Work to complete: Below are the records; extract from them the line containing "41++ Sneaker damen neon gelb Sammlung" to the line containing "新款 Virgil Abloh", both lines included, exactly and with no pictures.

Input data:
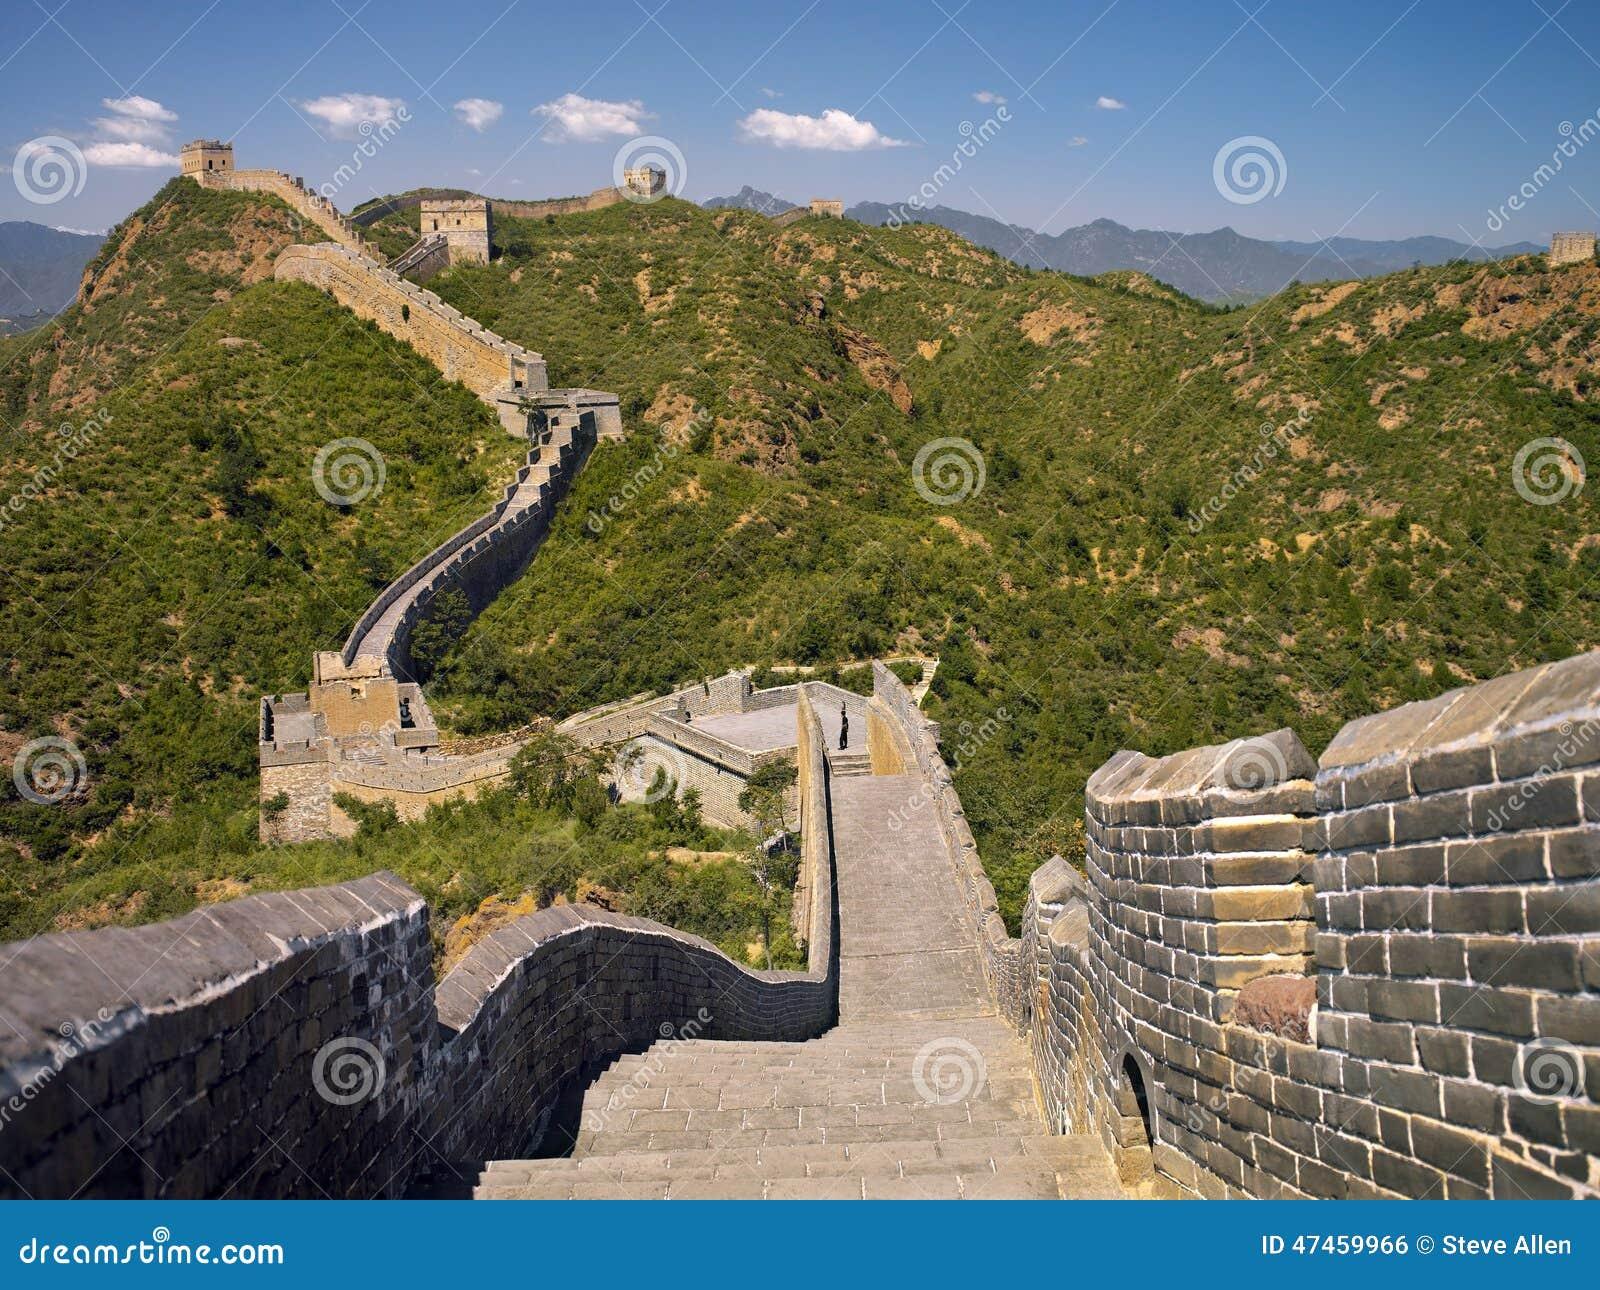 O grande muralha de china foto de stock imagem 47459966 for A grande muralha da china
---
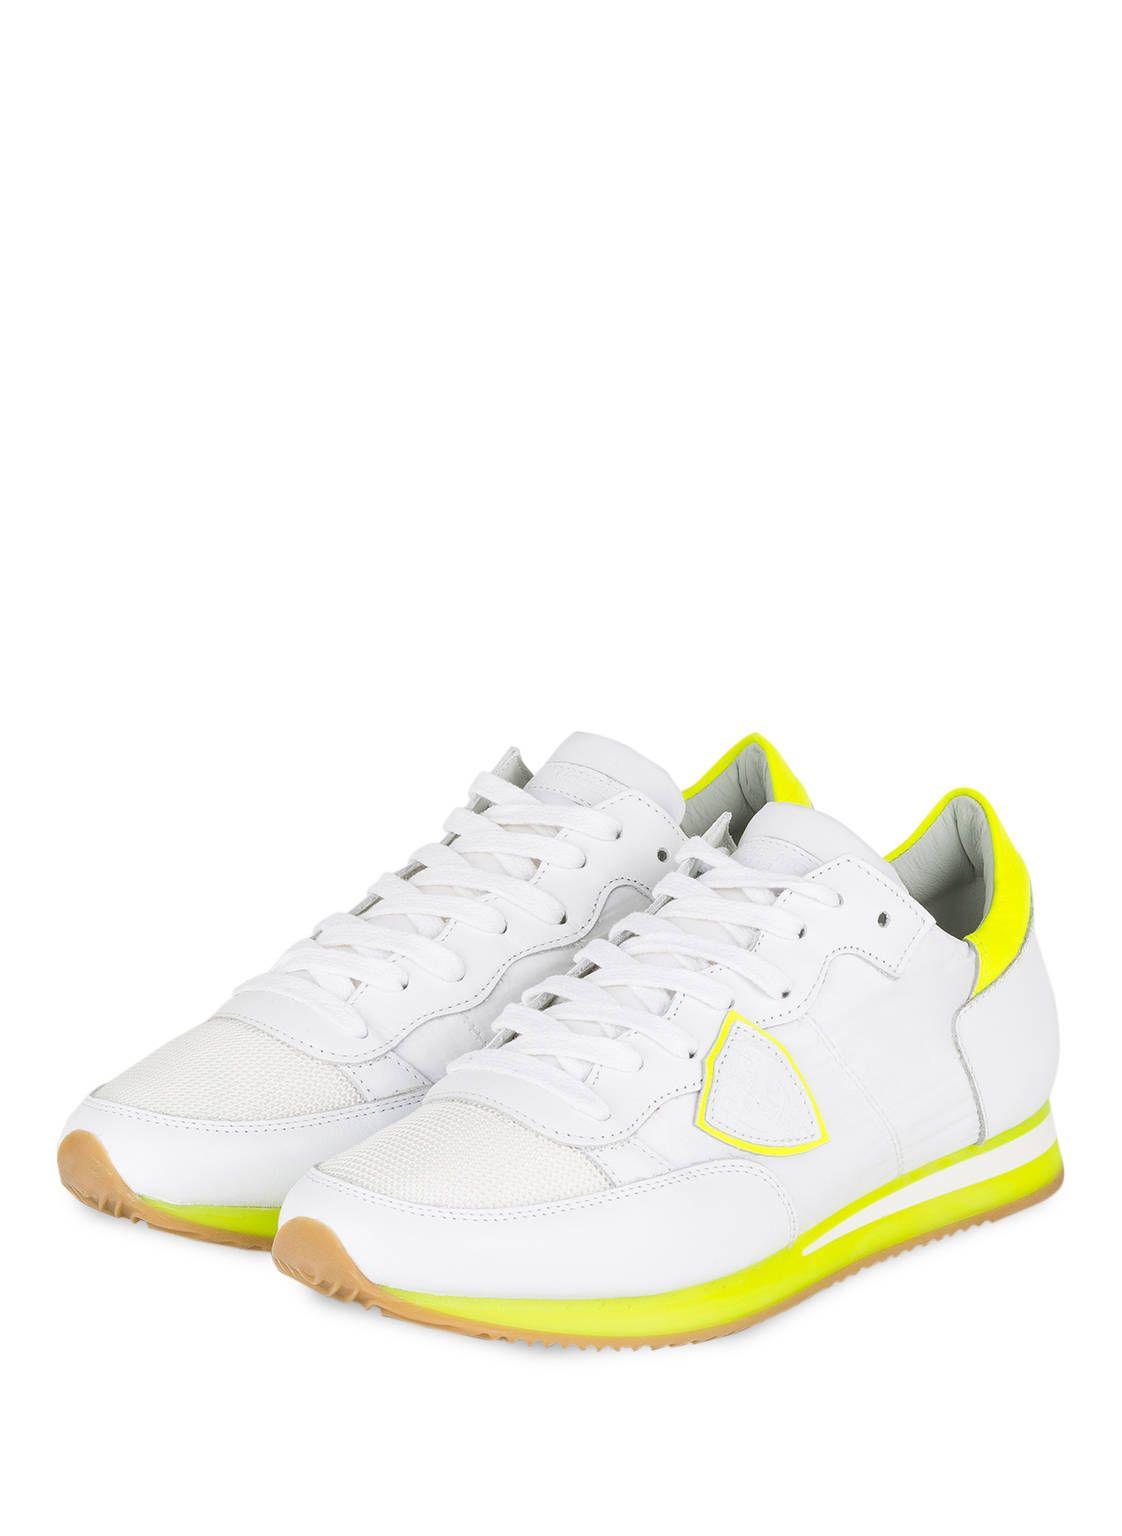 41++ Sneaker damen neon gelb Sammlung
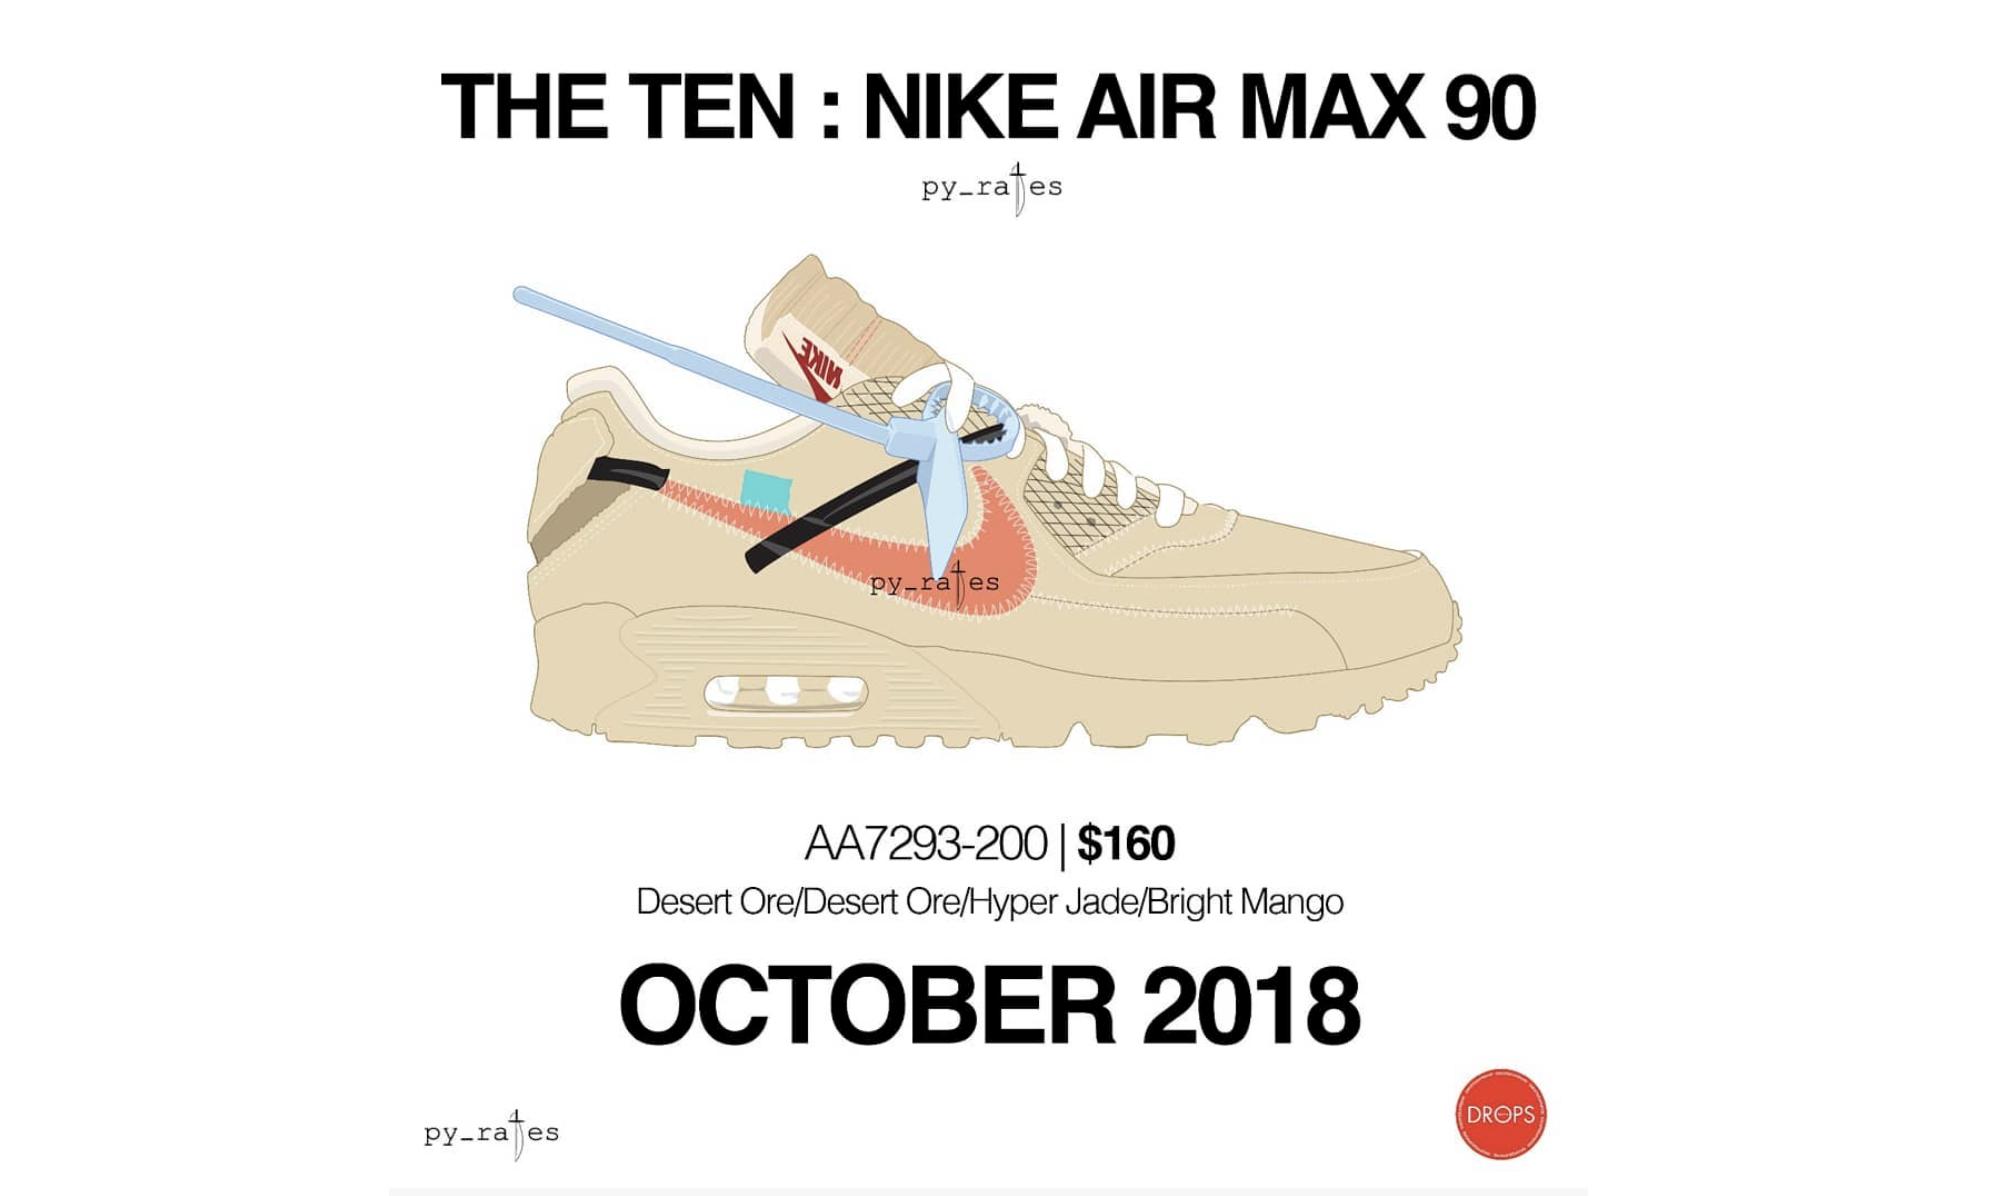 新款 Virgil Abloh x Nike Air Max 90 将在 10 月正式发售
* * *
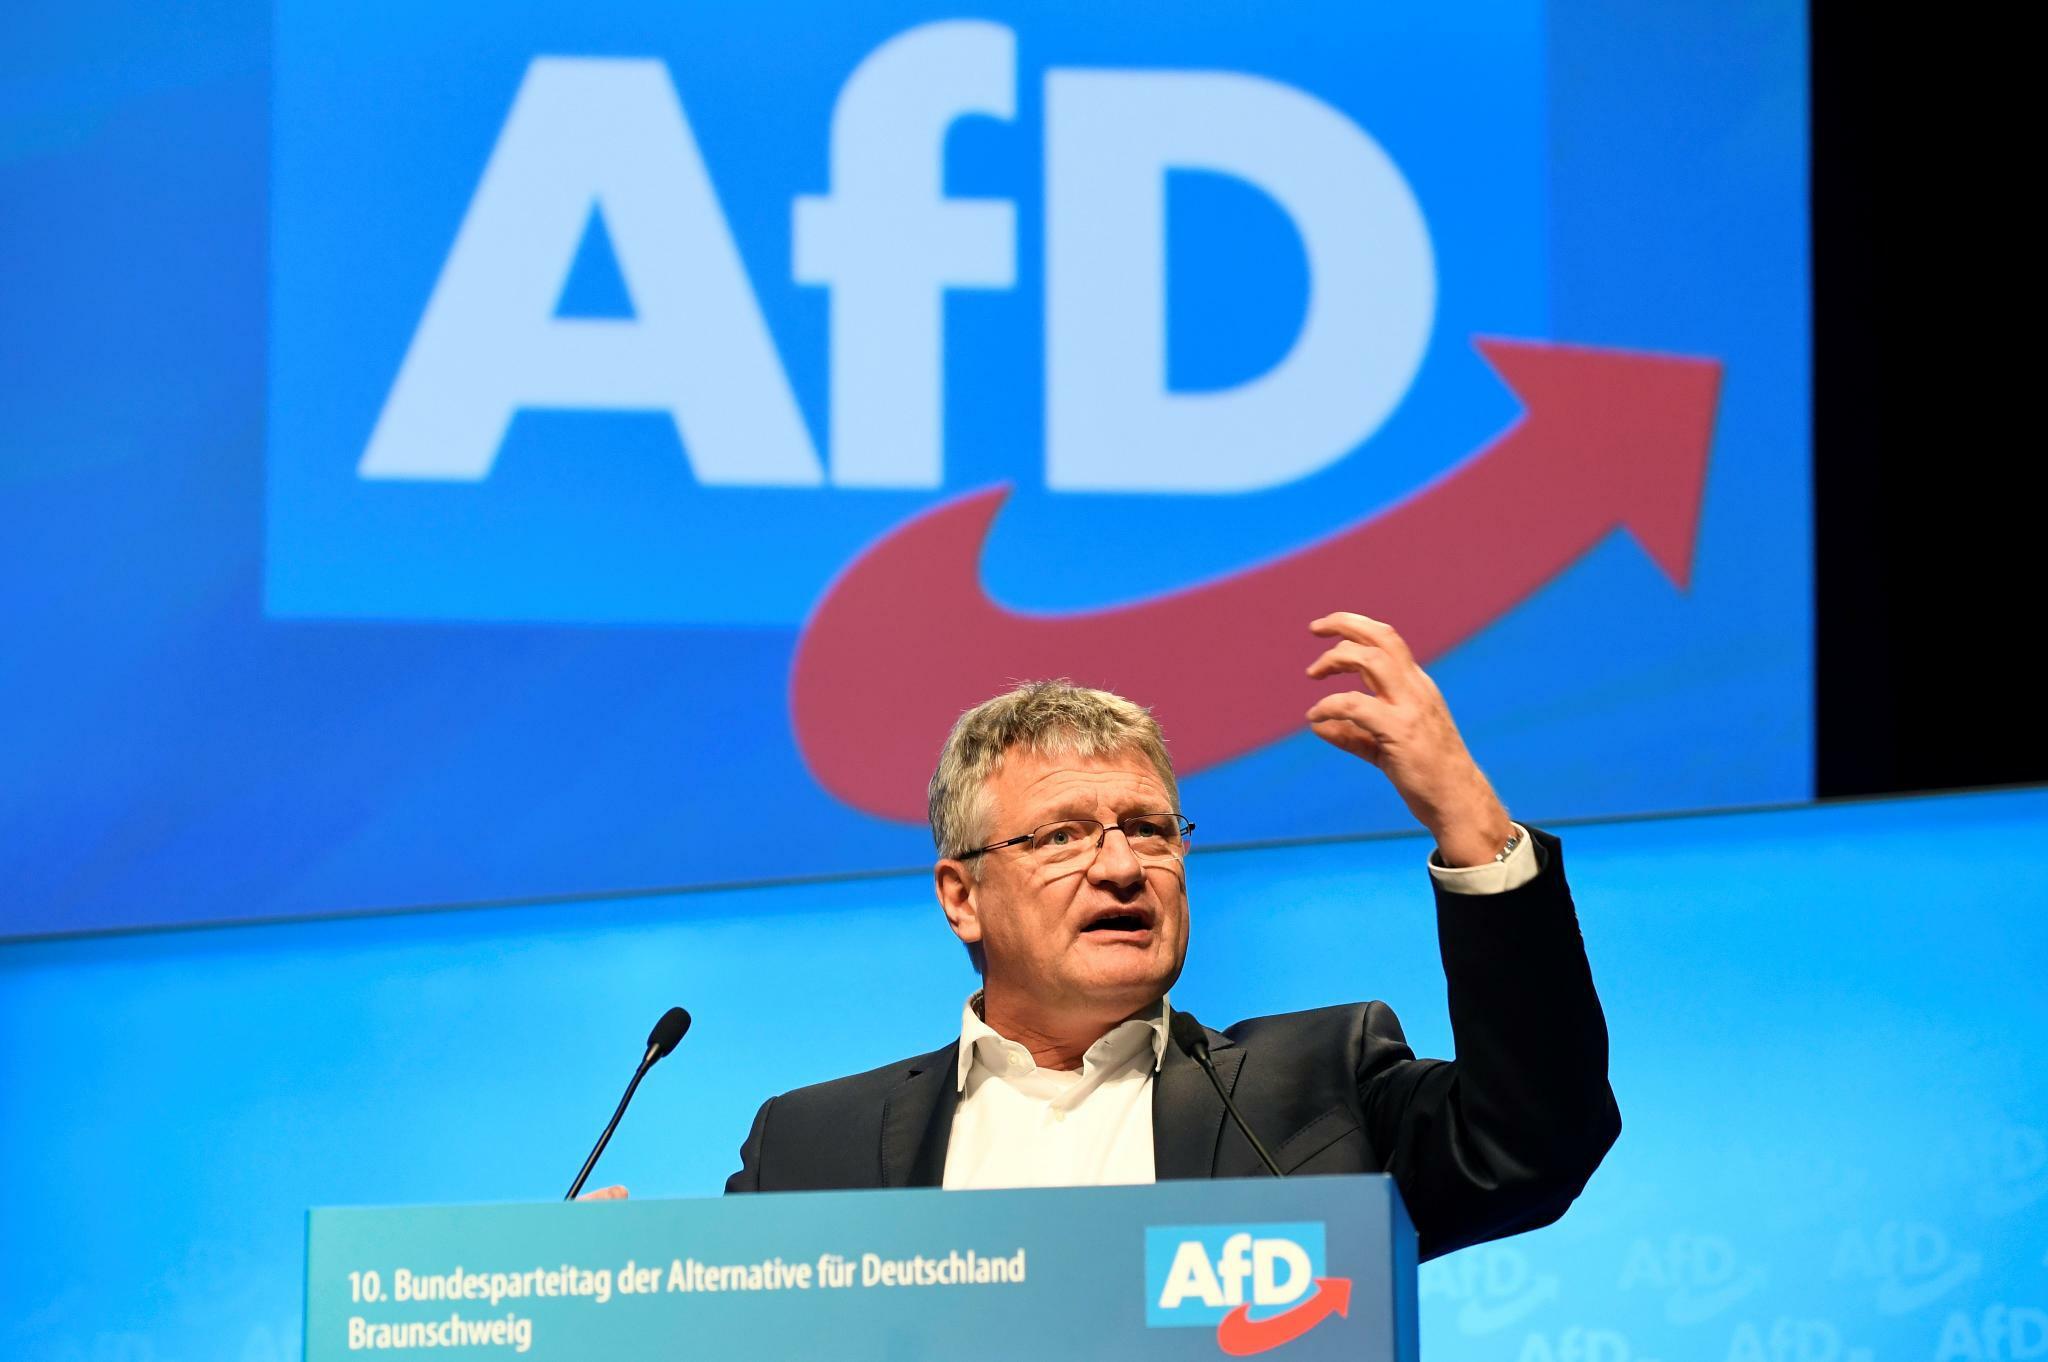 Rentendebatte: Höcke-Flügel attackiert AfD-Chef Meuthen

Solved problem:
 41++ Sneaker damen neon gelb Sammlung
 新款 Virgil Abloh x Nike Air Max 90 将在 10 月正式发售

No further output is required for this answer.